Use the function `collect()` at the end of a chain of dplyr functions to bring the resulting data into R.

## NEW: Cloud-based workflow

It is now possible to access data directly from NEON's cloud storage system without downloading. (Note: this still must ping the NEON API to obtain the most recent list of files, and this list is subject to rate limits). Like the local database approach, this strategy works for larger-than-RAM data, and can be substantially faster than downloading. However, if you work frequently with the same data products and have ample disk space available, you will find the one-time wait for downloading to be faster.

```{r}
brd <- neon_cloud("brd_countdata", product="DP1.10003.001")

brd |>
distinct(siteID, scientificName) |>
count(siteID, sort=TRUE) |>
collect()
```

## Note on API limits

If `neon_download()` exceeds the API request limit (with or without the token),
`neonstore` will simply pause for the required amount of time to avoid
rate-limit-based errors.

[The NEON API now rate-limits requests.](https://data.neonscience.org/data-api/rate-limiting/#api-tokens).
Using a personal token will increase the number of requests you can make before
encountering this delay. See link for directions on registering for a token.
Then pass this token in `.token` argument of `neon_download()`,
or for frequent use, add this token as an environmental variable, `NEON_DATA`
to your local `.Renviron` file in your user's home directory.
`neon_download()` must first query each the API of each NEON site which collects
that product, for each month the product is collected.
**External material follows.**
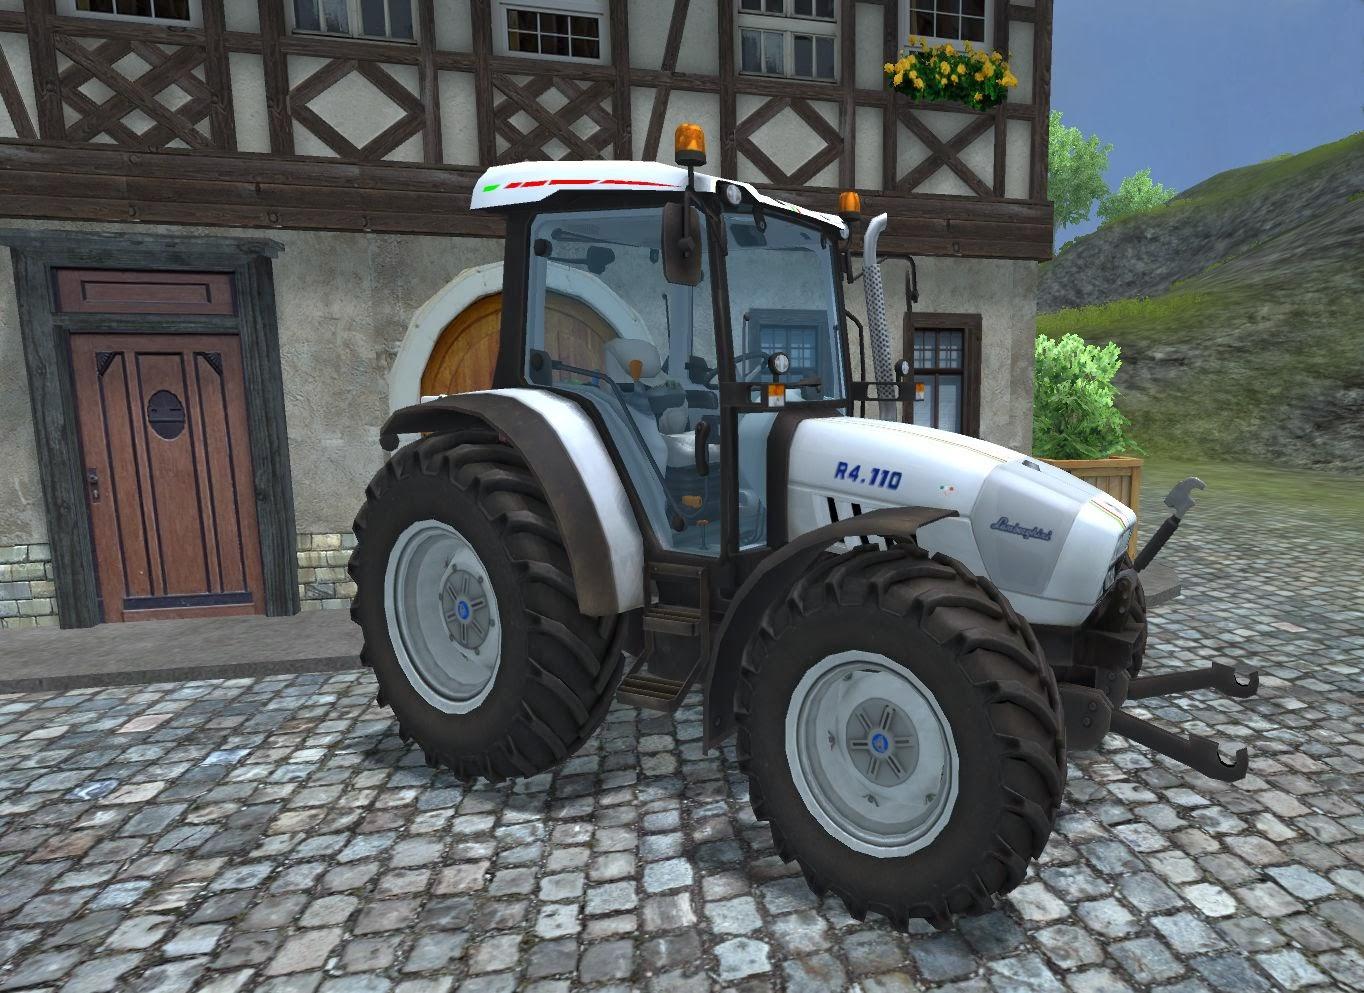 El R4 es el tractor polivalente ideal: simple práctico y funcional

(It would be much more efficient on the NEON server if the API could take
queries of the from `/data//`, and pool the results, rather than
require each month of sampling separately!)

```{r include=FALSE}
unlink("my_neondata.zip")
unlink("index.csv")
Sys.unsetenv("NEONSTORE_HOME")
Sys.unsetenv("NEONSTORE_DB")
```

## Non-stacking files and low-level interface

At it's core, `neonstore` is simply a mechanism to download files from the NEON API.
While the `.csv` files from the Observation Systems (OS, e.g. bird count surveys),
and Instrument Systems (e.g. aquatic sensors) are typically stacked into large
tables, other products, such as the `.laz` and `.tif` images produced by the
airborne observation platform (AOP) sensors such as LIDAR and cameras still
require the user to work directly with the downloaded files returned
by `neon_index()`. Note that the local database can process Eddy Covariance
data (h5 files), but at present this does not work with `neon_cloud()`.